Care Act 2014
- Parliament of the United Kingdom
- Long title: An Act to make provision to reform the law relating to care and support for adults and the law relating to support for carers; to make provision about safeguarding adults from abuse or neglect; to make provision about care standards; to establish and make provision about Health Education England; to establish and make provision about the Health Research Authority; to make provision about integrating care and support with health services; and for connected purposes
- Citation: 2014 c. 23
- Introduced by: Jeremy Hunt MP, Secretary of State for Health (Commons) Frederick Curzon, 7th Earl Howe 9 May 2013 (Lords)
- Territorial extent: England and Wales; Scotland (in part); Northern Ireland (in part);

Dates
- Royal assent: 14 May 2014
- Commencement: 7 July 2014, 15 July 2014 and 1 October 2014

Other legislation
- Amends: House of Commons Disqualification Act 1975; National Health Service Act 2006;

Status: Amended

History of passage through Parliament

Text of statute as originally enacted

Revised text of statute as amended

Text of the Care Act 2014 as in force today (including any amendments) within the United Kingdom, from legislation.gov.uk.

= Care Act 2014 =

Act of the Parliament of the United Kingdom

The Care Act 2014 (c. 23) is an act of the Parliament of the United Kingdom that received royal assent on 14 May 2014, after being introduced on 9 May 2013. The main purpose of the act was to overhaul the existing 60-year-old legislation regarding social care in England. The Care Act 2014 sets out in one place, local authorities’ duties in relation to assessing people's needs and their eligibility for publicly funded care and support.

The Act received the consensus of the three main political parties in the UK during its passage through parliament. The Act was implemented following substantial public consultation but was criticised for some of the funding reforms included within the Act.
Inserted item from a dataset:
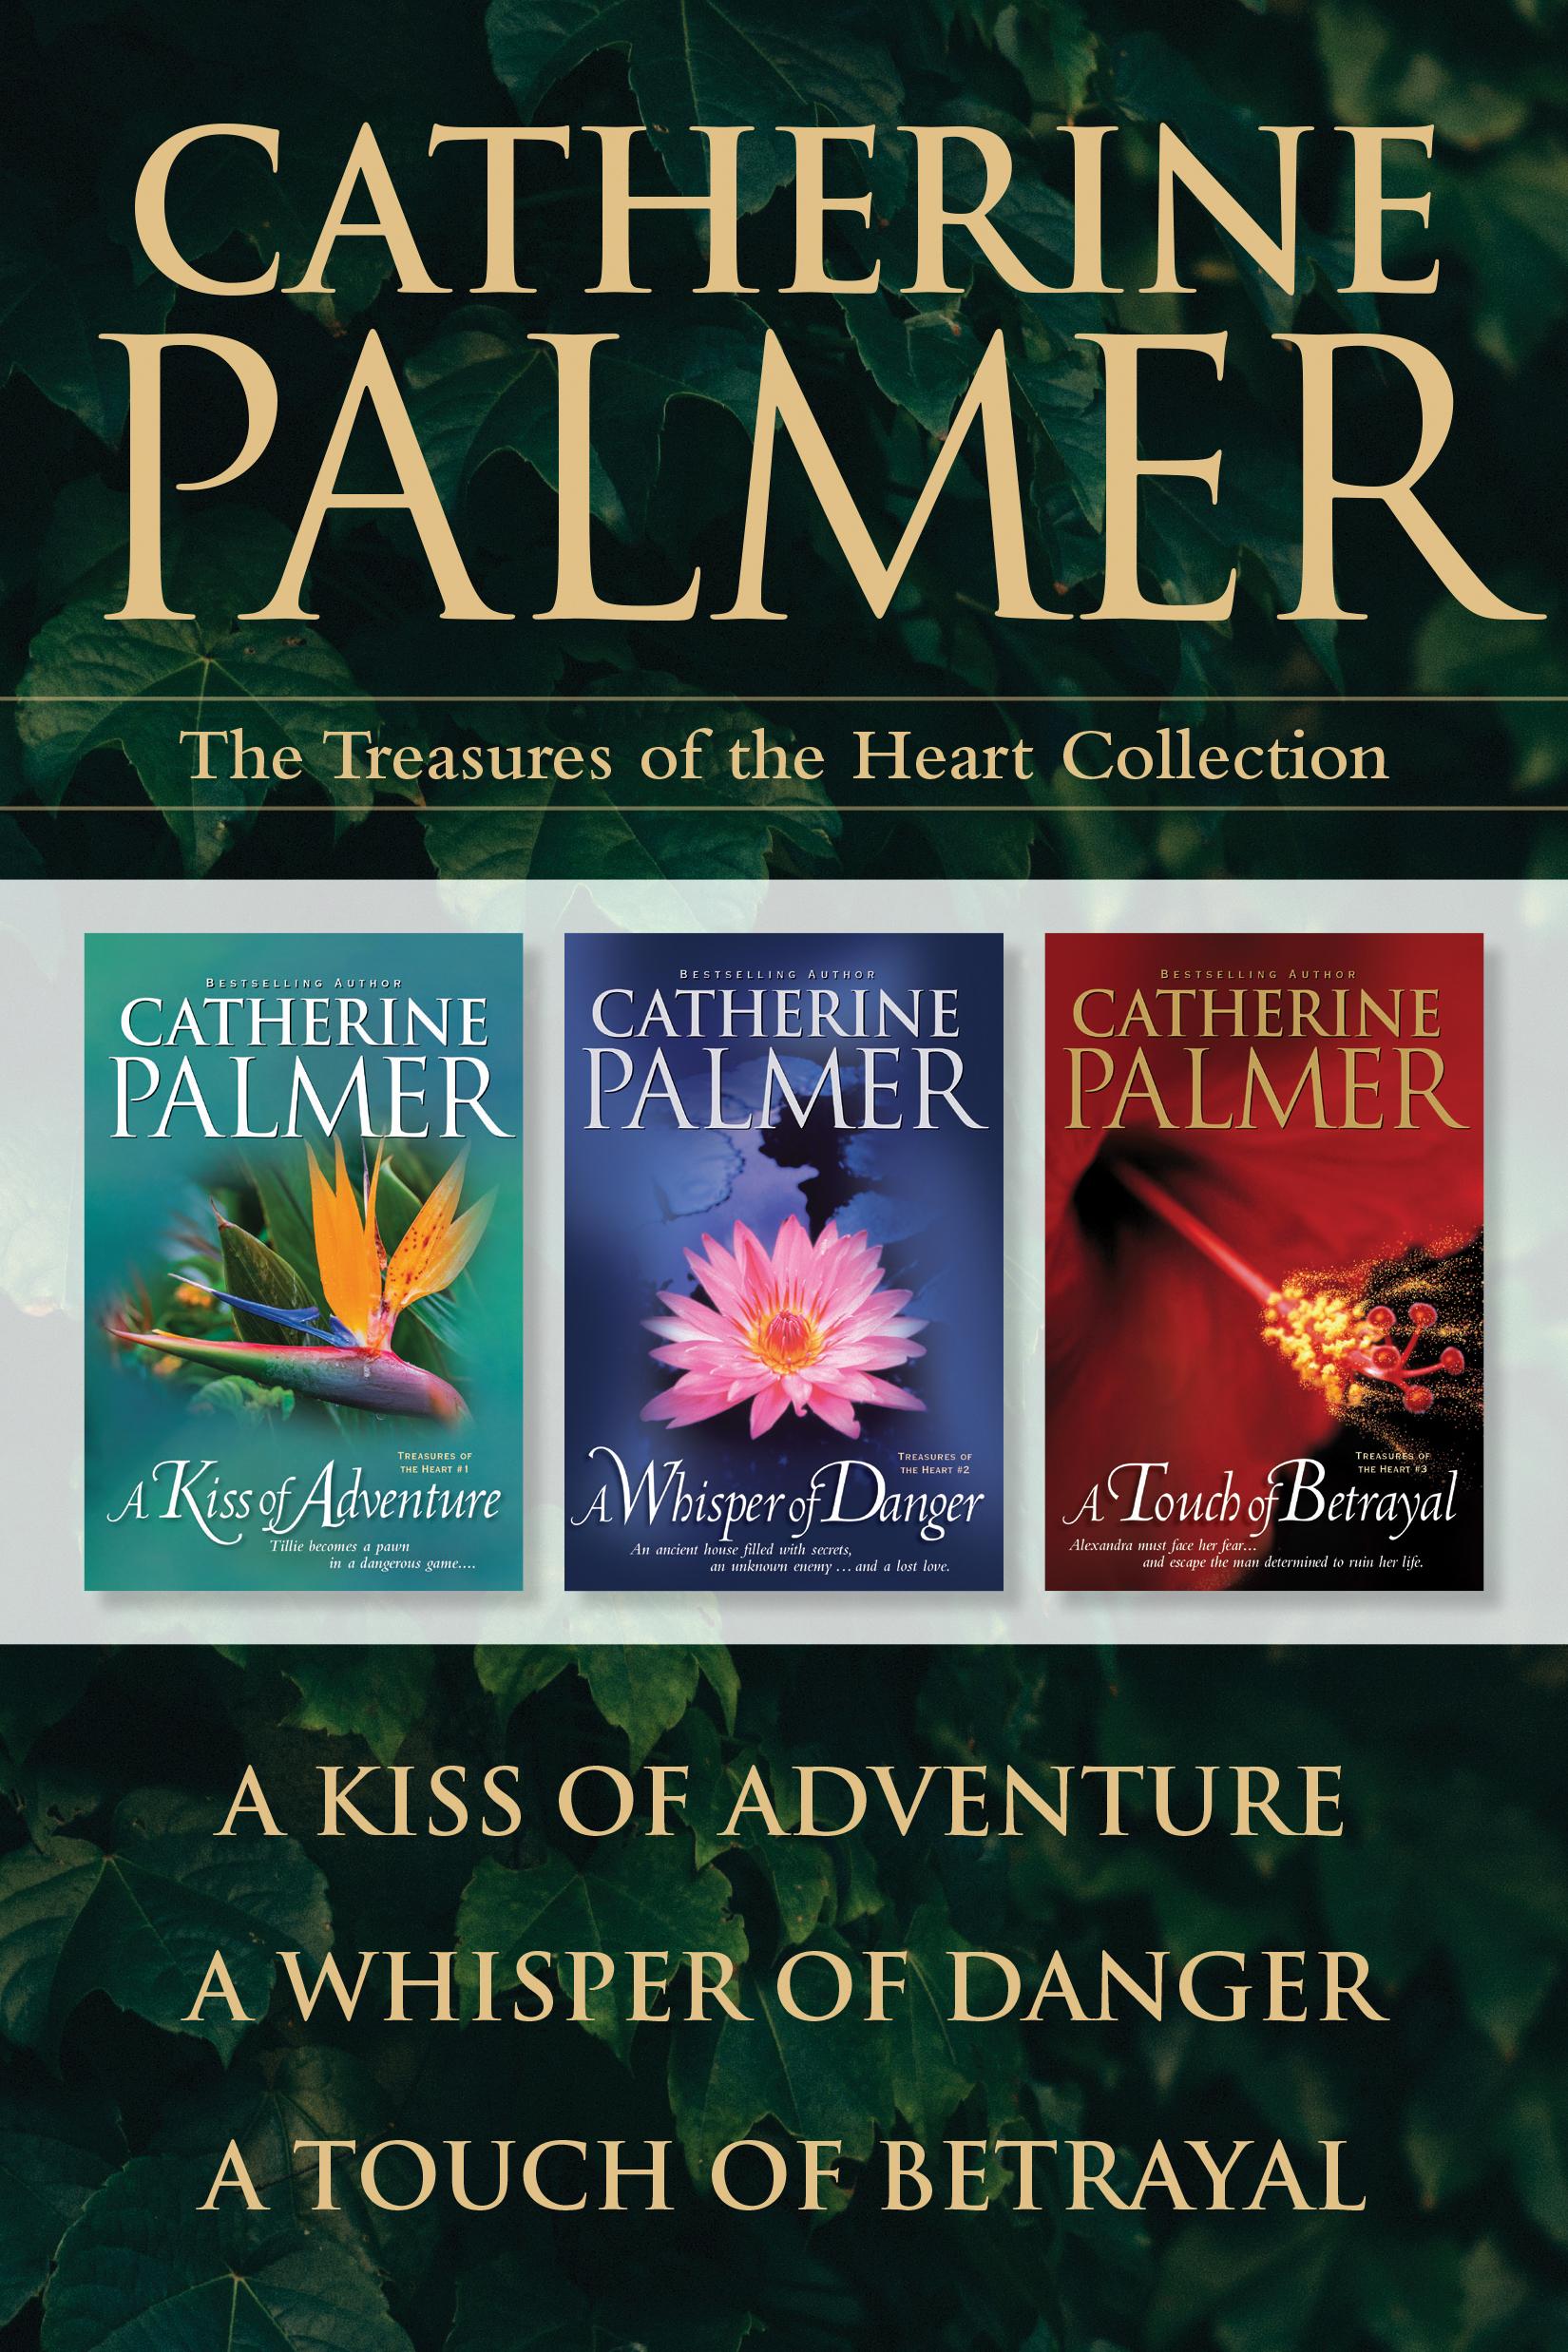 A Whisper of Danger (Treasures of the Heart Book 2)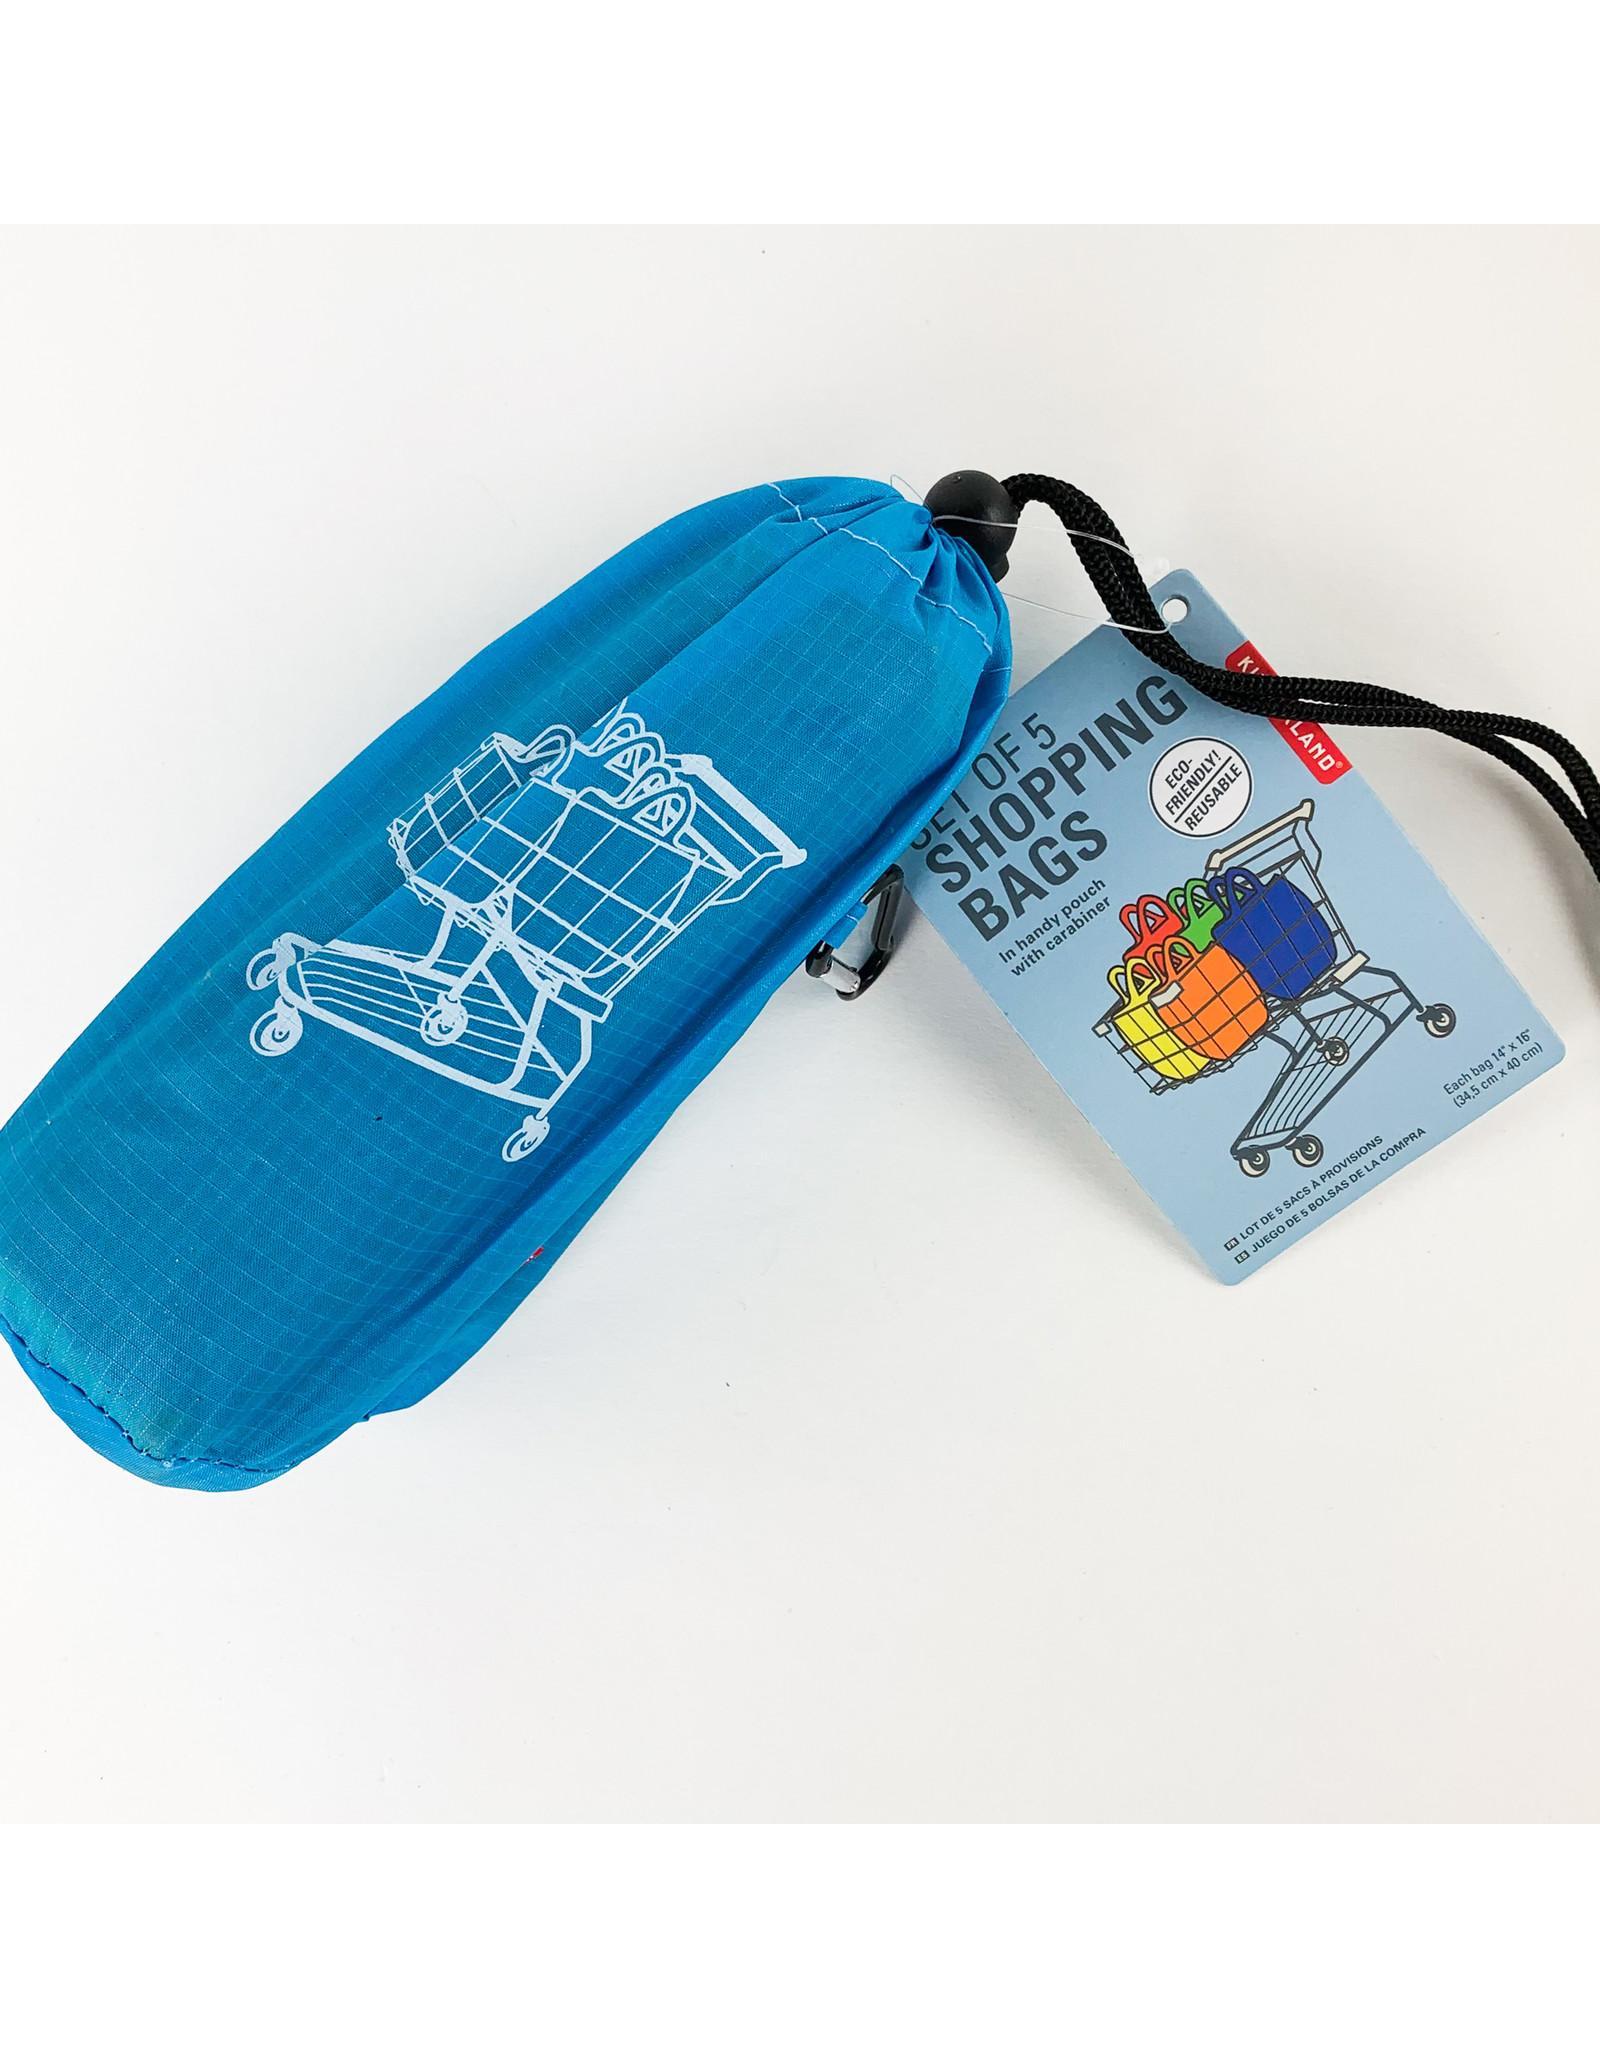 Kikkerland Set of 5 Shopping Bags

The Act was unusual in respect of being one of the few Acts to have started its progress in the House of Lords rather than the House of Commons.

==Overview of contents==
The Care Act is a lengthy act (129 clauses in the main part of the Act) addressing many issues: from a review of the public consultation 107 recommendations were made of which many were adopted. However some of the major changes were:
- local councils now have a duty to promote the well-being of carers; previously their duty of care only related to the users of the care services;
- anyone receiving care and support from a regulated provider which has been arranged by the council will be covered by the Human Rights Act 1998;
- local councils must enable users or potential users of care services to access independent financial advice on their care funding;
- a new appeals system was introduced for care users to appeal against council decisions on eligibility to care and care funding;
- guidance on safeguarding vulnerable adults, which in England had taken the form of the 2000 No Secrets guidance, was replaced by statutory guidance issued under the legislation.
- Health Education England became a non-departmental public body (NDPB) on 1 April 2015 under the provisions of the act.

==Financial assessment==
Regulations made under the Care Act 2014 specify that a permanent resident of a care home is not eligible for local authority financial assistance if they have capital exceeding £23,250 in value. This limit still applies in 2019.

==Cap on care costs==
Sections 15 and 16 (not yet implemented) specify that local authorities may not charge more in total for meeting eligible care needs than a specified amount which is to be reviewed annually. Once the cap is reached, any further social care needed by the individual is to be provided free of charge. The cap on care costs was due to be in effect from April 2016, but this was delayed to April 2020, by an announcement by Alistair Burt, the Minister of State for Care and Support, on 17 July 2015. The introduction of the cap had been passed into law as part of the Care Act 2014 during the Coalition government, and implementation of this part of the law from 2016 onwards had been accepted by all main political parties during the general election of 2015.

==Changes introduced as a result of COVID-19==
During the COVID-19 pandemic, emergency legislation was introduced by the government known as the Adult Social Care Action Plan. It has four main goals which aimed to reduce the impact of COVID-19 on the adult social care sector. Section 4.6 and 4.7 of the Adult Social Care Action Plan states how the Coronavirus Act 2020 amended the Care Act 2014 by creating "Care Act easements". This meant that in cases of necessity, the legal duties outlined in the Care Act 2014 did not have to be fulfilled during the pandemic. Mencap, a leading charity supporting people with learning disabilities found that 69% of people with learning disabilities who participated in their survey had their care reduced or removed altogether. Through overruling the agreed outcomes of individuals' agreed care plans thousands of disabled people were going without their care as a direct result to policy changes.

The changes to the Care Act expired on 16 July 2021 and are no longer in force.